I’d never heard a moose make a noise before, but September-October is when the species gets vocal. Every time the male looked at the female or took a step in her direction, she let loose a quiet, low-pitched whining wail; whether that’s designed to be alluring, I couldn’t say. (A couple of teenage boys echoed it flawlessly as they walked by, making me a feel a bit bad for the she-moose.) As she stepped slowly across the exhibit on her long, slim legs, her mate applied his antlers to a tangled mass of twigs on the ground, head-butting them and grunting in a prolonged cadence that sounded like a dog’s growl.

I assumed it was some kind of rutting-season aggression thing, but after consulting my Big Binder of Zoo Facts back at home, I realized it was probably purely an antler thing. Like leaves, antlers sprout each spring and fall off by winter. In the fall, escalating male hormones cause the “velvet” (fur-covered skin) protecting the antlers to dry up, and a moose rubs off the velvet on trees and vegetation. (I wonder if the drying velvet itches; my Big Binder doesn’t say.) By winter, the hormonal decline is complete, the antlers fall off and the sexes become much harder to tell apart.

I took this boy-moose photo three years ago in later autumn, a year before I started this blog. (Note the big “bell,” or dewlap, dangling from his throat — a male’s bell is longer than a female’s, if you’re trying to tell boy from girl in the depths of an antlerless winter.) As this autumn’s color deepens, the photo ops will only improve. My camera and hiking boots are ready.

A refuge in water

For a certain type of person or animal, Thursday was the perfect day: humid, windy, sunny and edging into the upper eighties. For me, and the larger beasts of the Northern Trail, it was the kind of day you can enjoy for a few minutes, or even close to an hour, before demanding some form of relief. Fortunately, these beasts had nature’s air-conditioning — a pond — in their back yards.

Like every creature on the Northern Trail, these Bactrian camels can deal with temperatures of either extreme. Here, though, they’re keeping cool and holding still, aside from a swiveling head or two at the sound of my camera — in dramatic contrast to the moose a few exhibits farther along.

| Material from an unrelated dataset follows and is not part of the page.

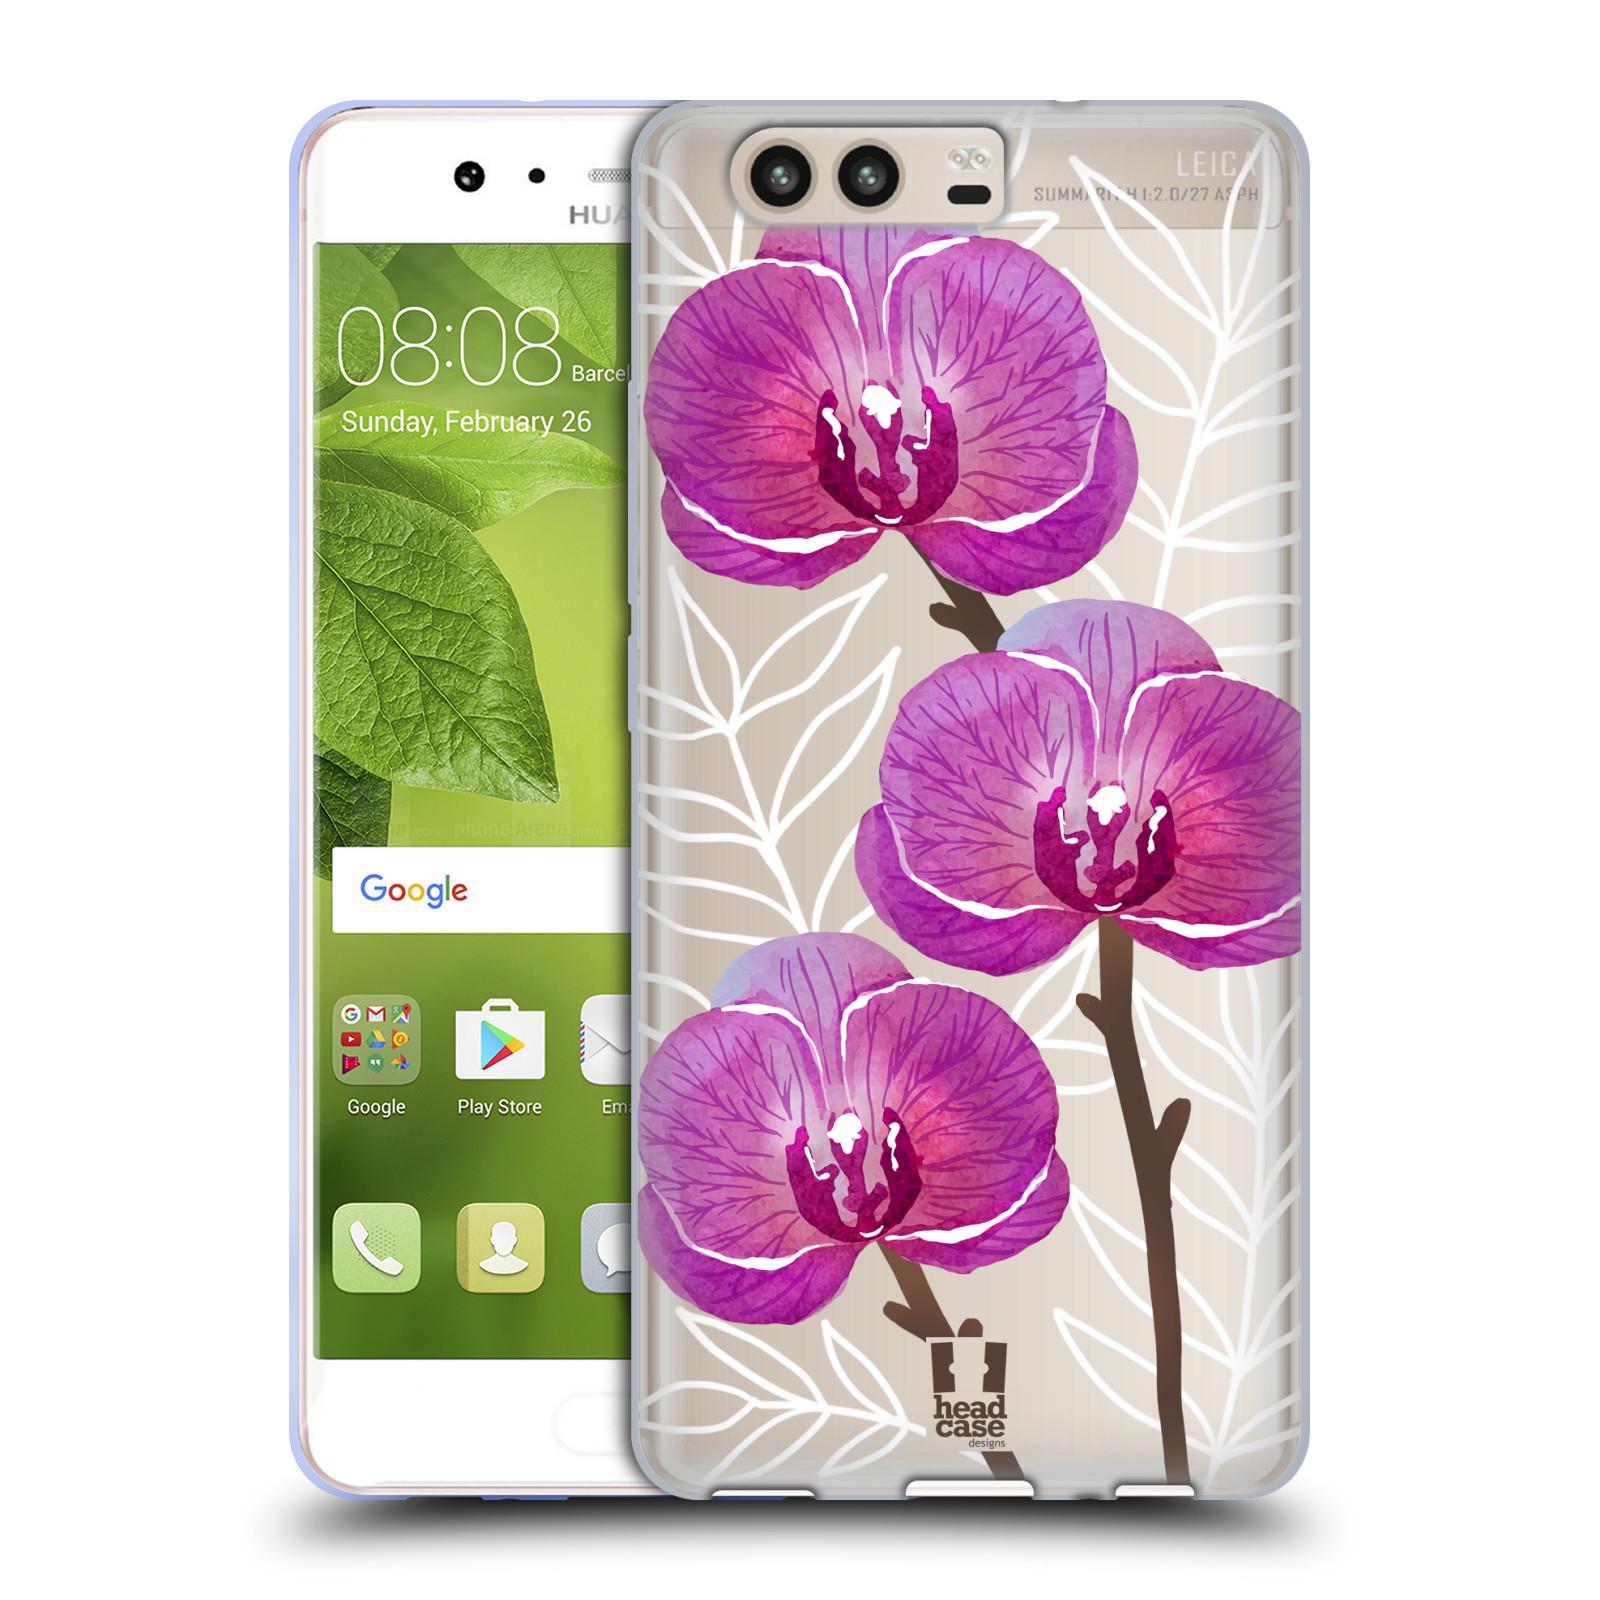 Silikonové pouzdro na mobil Huawei P10 - Head Case - Hezoučké kvítky - průhledné

Most moose I’ve seen have a stately, regal bearing, but this female was playing in her pond like a kid in a swimming hole. She strode repeatedly back and forth from the hip-deep shallows to the neck-deep end, stopping here and there to shake water noisily off her shoulders like a dog after a bath. Along the way, she paused several times to rear back and slap the algae-green surface with her forefeet. Wild moose like to eat water plants and can dive deep to get them, but since our zoo moose feast on Purina moose chow, there was clearly more than hunger or heat going on here. This moose was making her own pre-holiday summer fun.